- Dataset section -
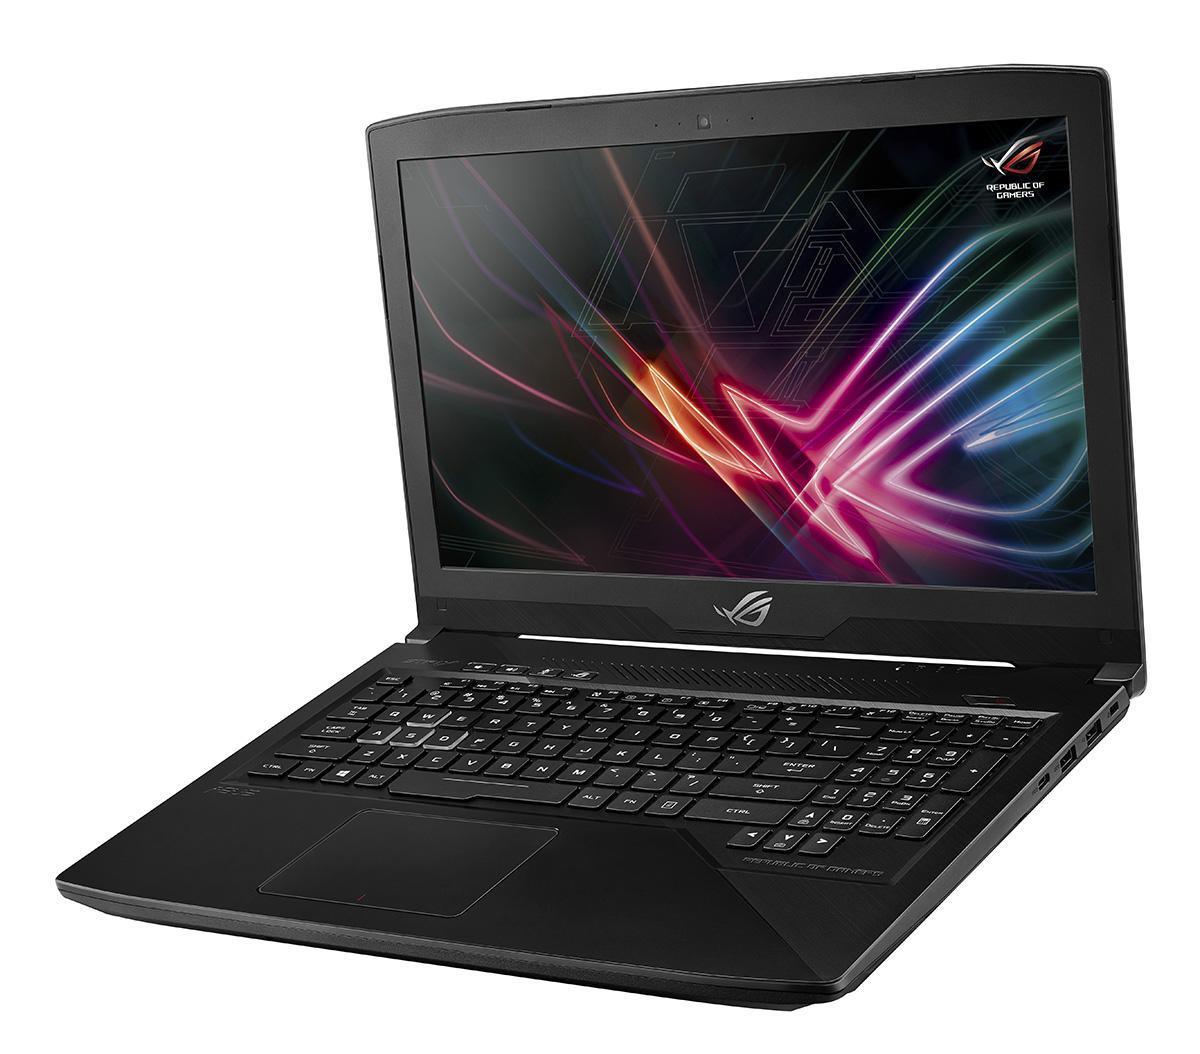 Asus 90NR0GN1-M05200 - PC portable Asus - Cybertek.fr - 3
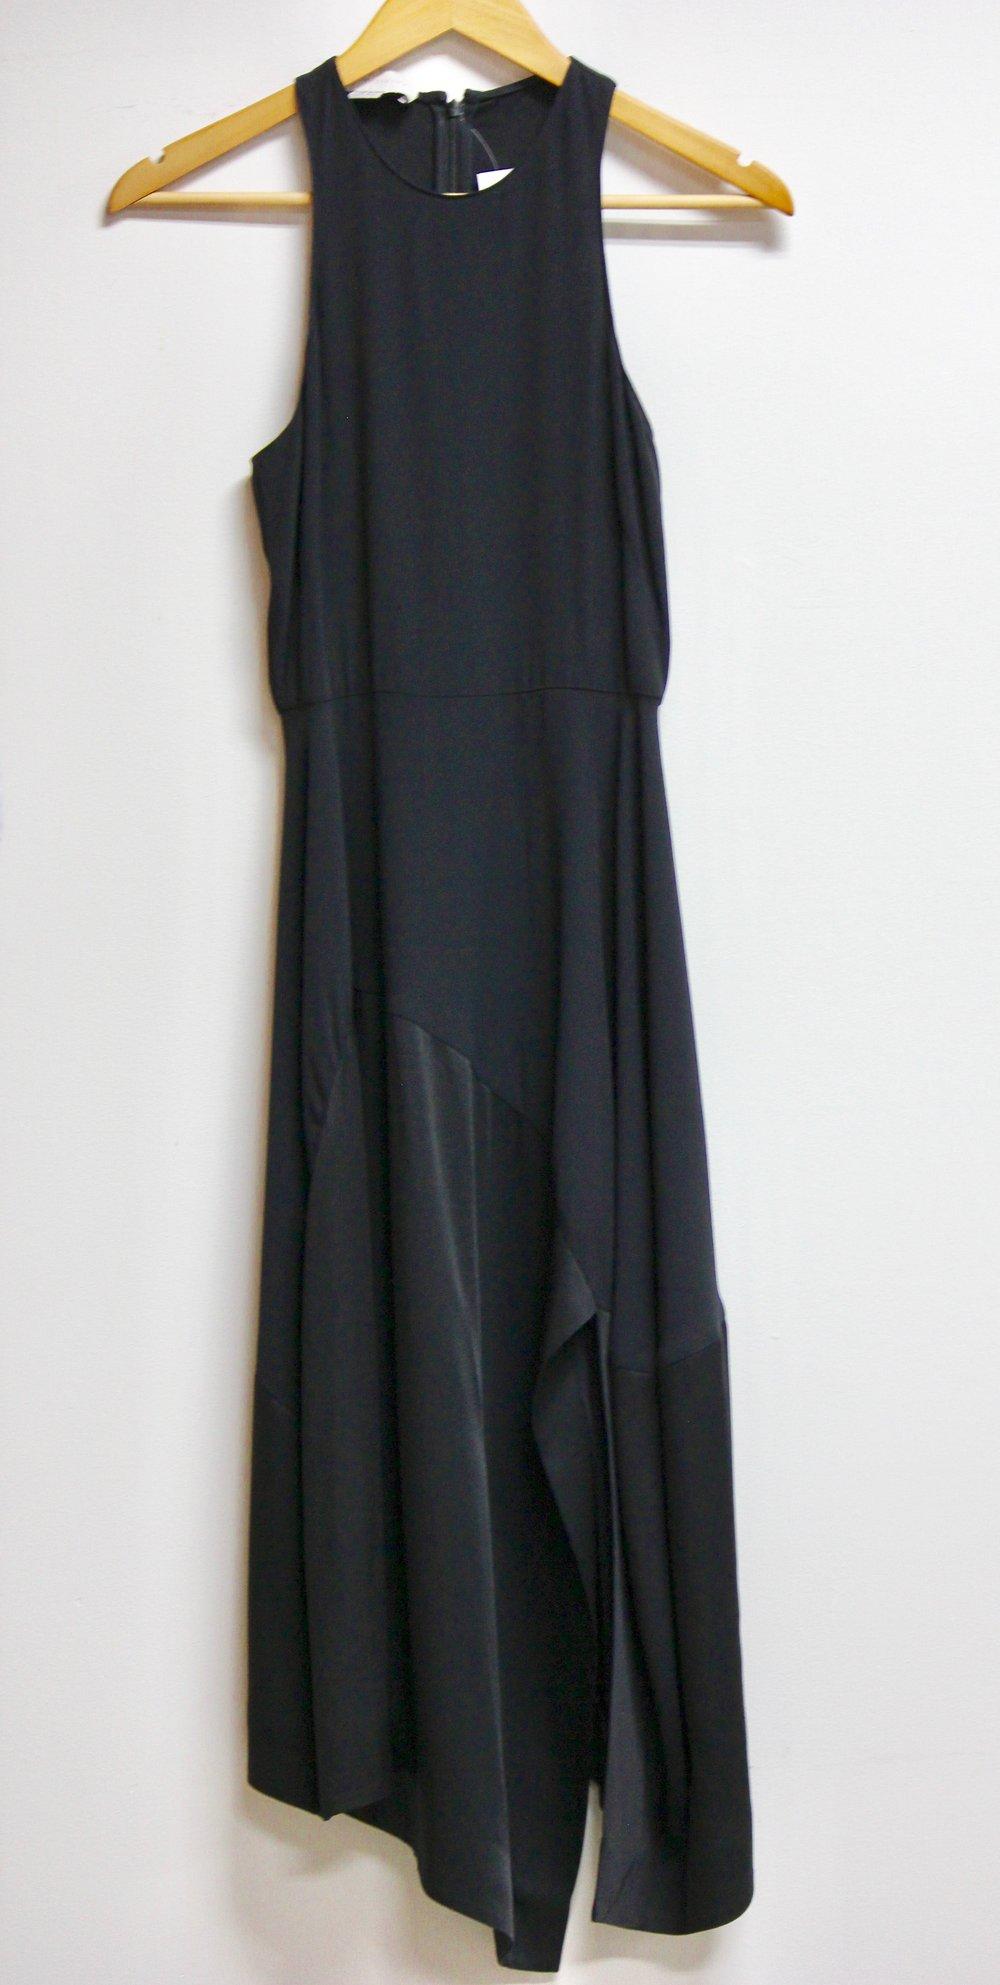 Stella McCartney Assymetrical Dress
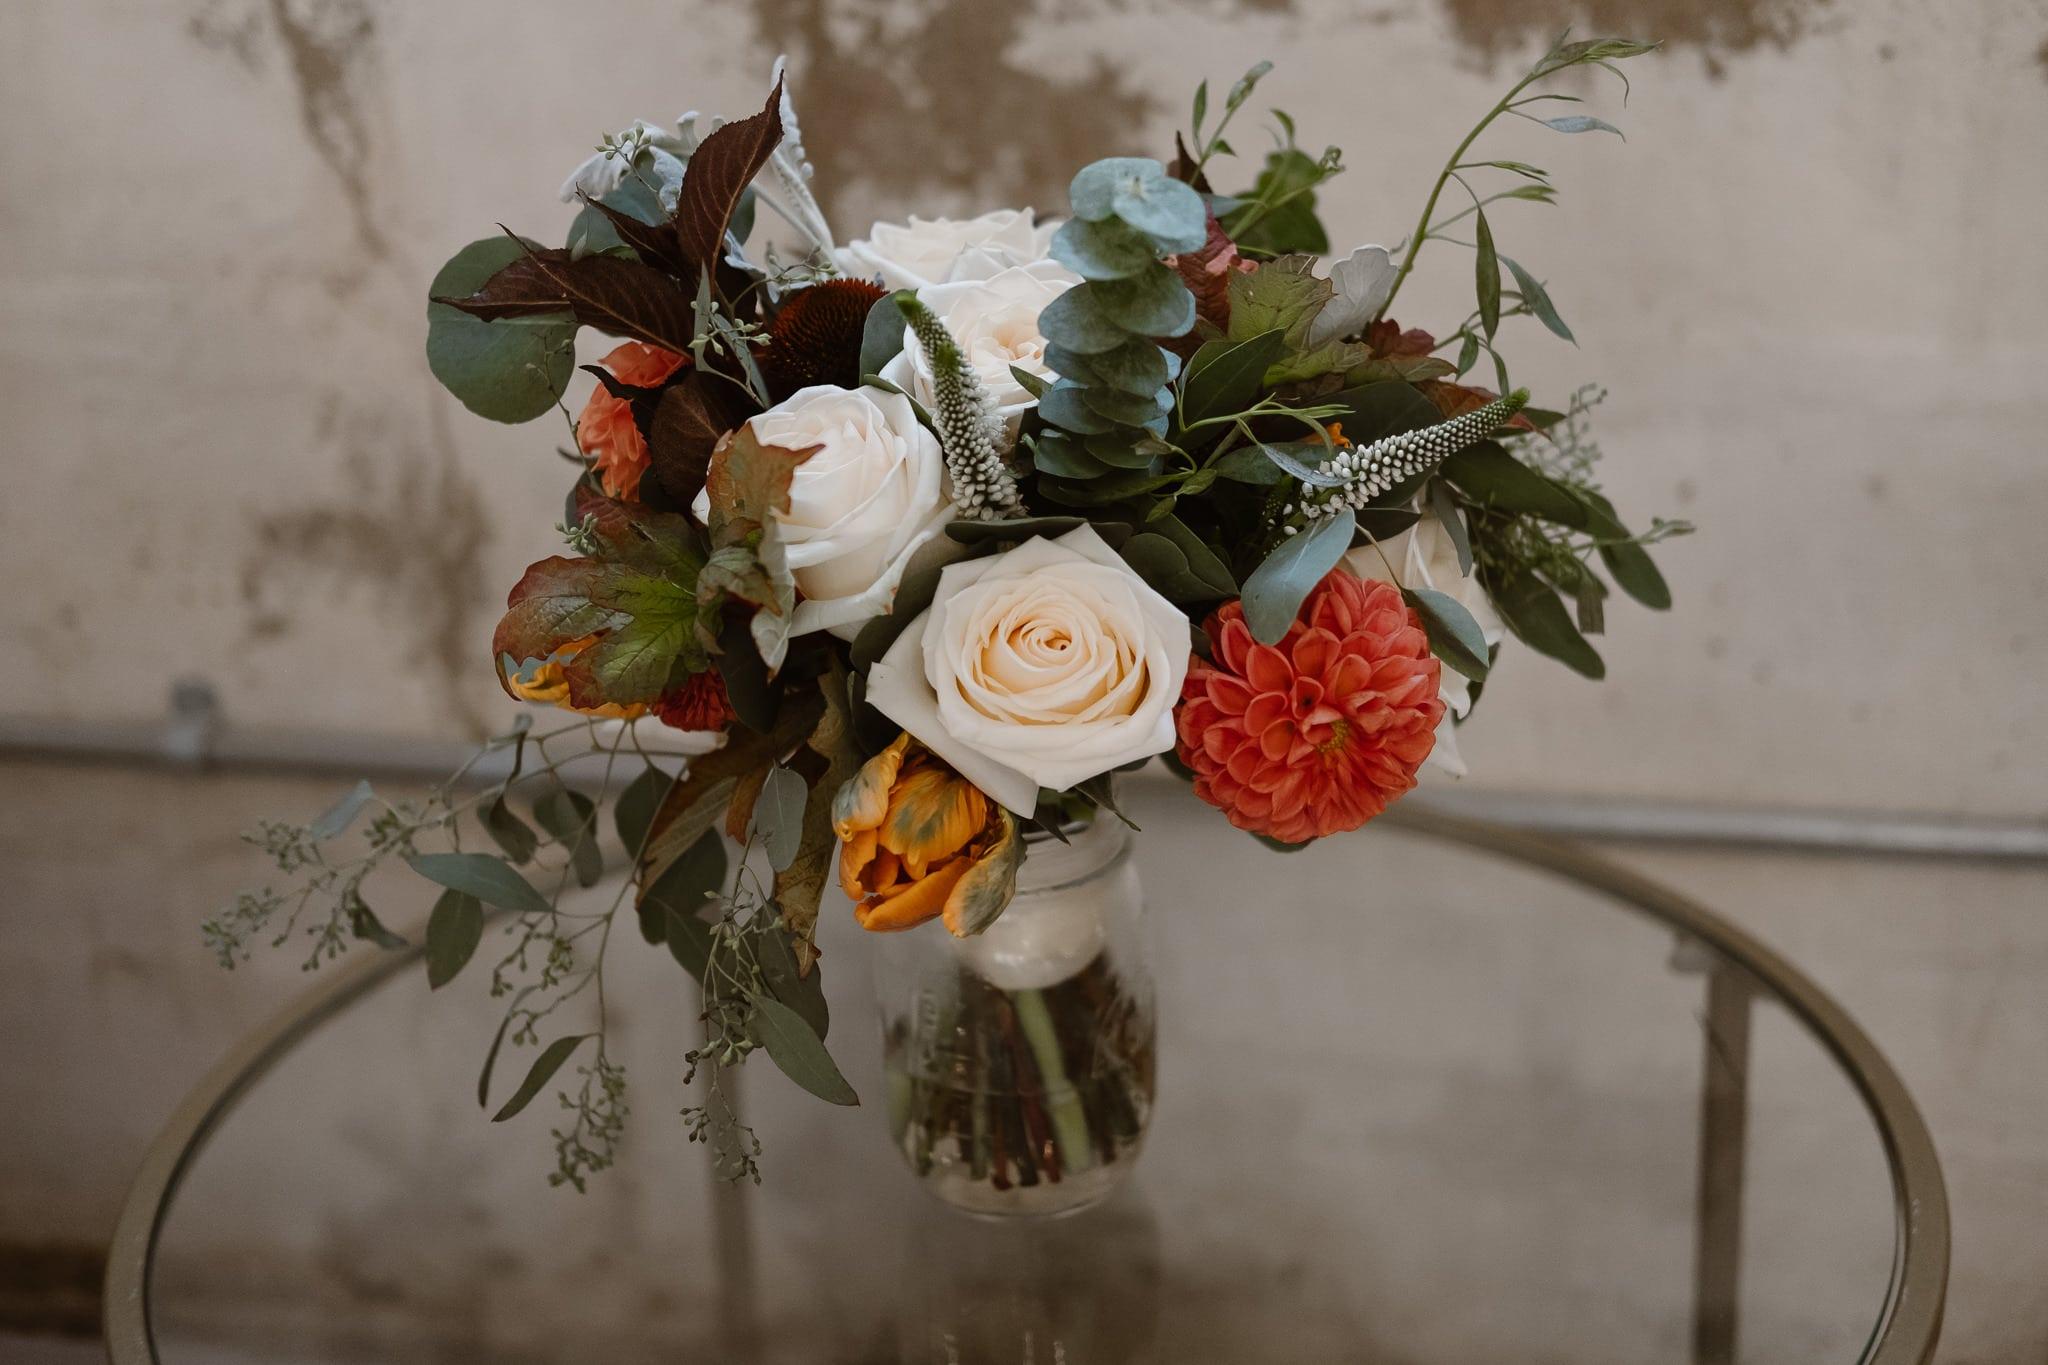 St Vrain Wedding Photographer   Longmont Wedding Photographer   Colorado Winter Wedding Photographer, Colorado industrial chic wedding, bride's bouquet

- How to complete this task -
All of the data must be set down exactly, with no pictures included.

- Written reply -
 Asus 90NR0GN1-M05200 - PC portable Asus - Cybertek.fr - 3
 Stella McCartney Assymetrical Dress
 St Vrain Wedding Photographer   Longmont Wedding Photographer   Colorado Winter Wedding Photographer, Colorado industrial chic wedding, bride's bouquet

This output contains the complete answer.